How to reduce memory usage when one large networks called many times

qianguih · March 10, 2017, 8:56am

Hi, there, I am a newbie to PyTorch and I am really impressed by its speed and flexibility. Amazing work! But I have one question about the memory usage.

I noticed that PyTorch usually stores all immediate variables when building graph. The memory requirement could be very intense in the case where a large network is called many times in a for loop. Below is a piece of sample codes. There is only one network AntoEncoderDecoder. We iteratively feed data through it for many times. My understanding is PyTorch will store all immediate results in AntoEncoderDecoder and thus requires a lot of memory. Compared with its equivalent implementation of theano, PyTorch requires more GPU memory. In theano, I can use a batch size of 10. But only 2 in PyTorch. I am wondering is there anything special to take care of in order to reduce the memory usage in this case.

Any suggestions would be welcome! Thank you!

model = AntoEncoderDecoder()
output = Variable(torch.zeros(256,256))
for i in range(iterations):
    output = model( output )

albanD · March 10, 2017, 10:44am

Hi,

Just to be sure I understand what you are trying to do:
You have an auto encoder model, a variable output and you want to apply you auto encoder iterations times to it and then backpropagate all the way through these iterations to learn an auto encoder that repetitively encodes and decodes multiple times before producing the final output? Here, your complete network is the auto encoder stacked iterations times.

When you run your model, we just keep in memory what is necessary to compute the backward pass, nothing more.
If you do not need to compute the backward pass, you can use the volatile option as follow output = Variable(torch.zeros(256,256), volatile=True) to tell pytorch that it does not need to keep the buffers for the backward. If you do so, calling .backward() on the output will obviously raise an error.

apaszke · March 10, 2017, 3:31pm

We never store all intermediate variables, but only the ones that are absolutely necessary to compute the backward. Everything else is freed immediately.
What kind of modules/operations are you using in your network?
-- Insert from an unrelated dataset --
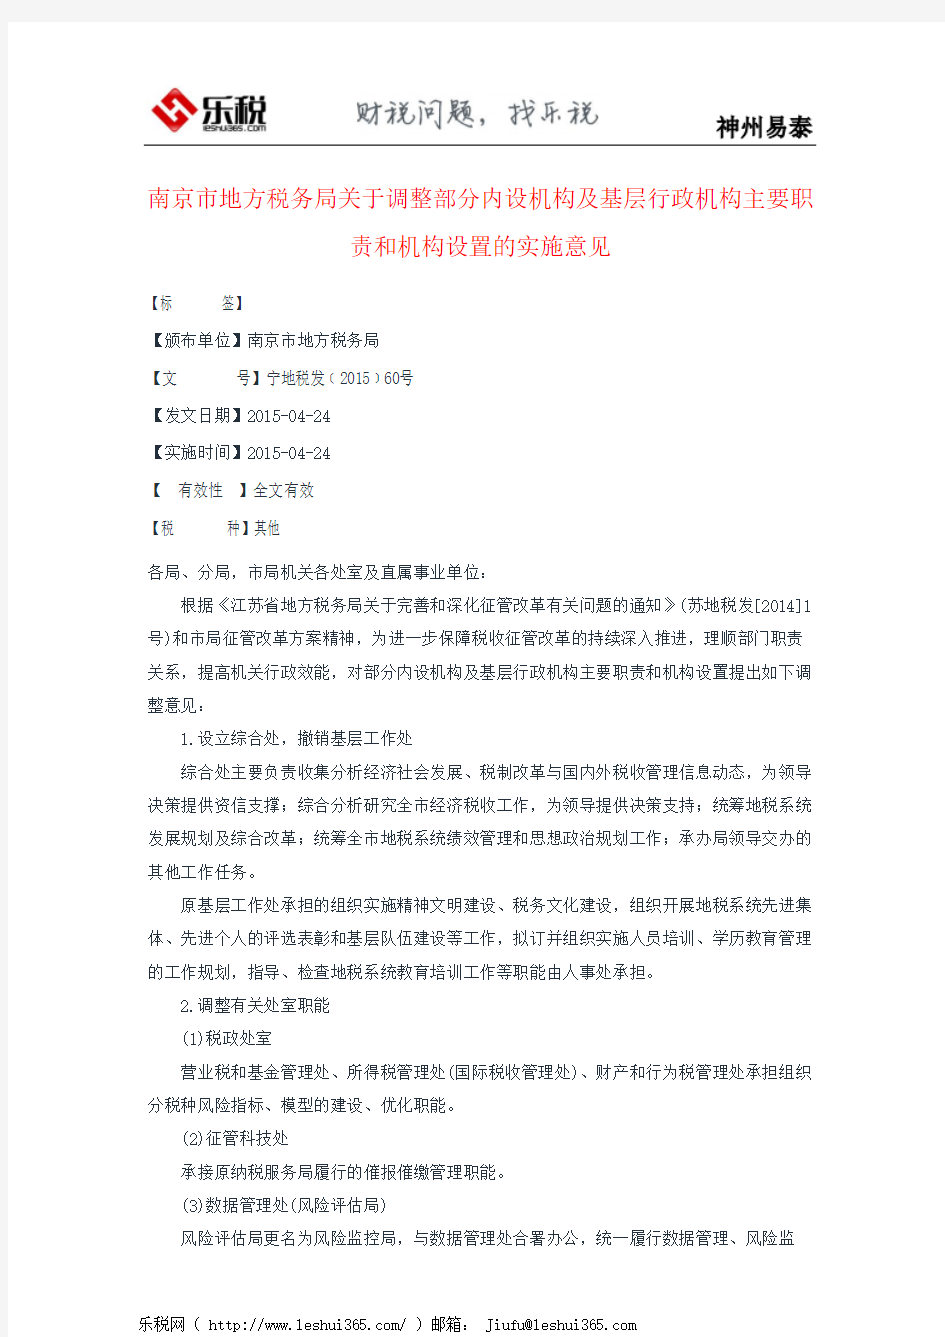 南京市地方税务局关于调整部分内设机构及基层行政机构主要职责和

The increased memory usage might be coming from the fact that we’re always trying to pick fast algorithms in cuDNN, even at a cost of memory usage. We’ll be trying to make it possible to affect these choices in the future.

qianguih · March 11, 2017, 1:17am

@albanD Thanks for your suggestion! Yes, your understanding is correct. Actually I do need to compute the backward pass. So the volatile option may not be applicable here.

@apaszke Thanks for the info! Currently my module functions like a rnn. So only simple matrix multiplication, slicing, and nonlinearity function are used but they repeated by many times due to the iteration.

apaszke · March 11, 2017, 10:25am

@qianguih I don’t know of any memory issues of these ops, they shouldn’t differ that much from what Theano needs. Are you using 0.1.10?

qianguih · March 12, 2017, 2:27am

Yes, it is 0.1.10. I guess theano has optimized every computation graph a lot during the function compilation.

apaszke · March 12, 2017, 11:05am

Maybe. It’s hard to say what’s happening without having the model details.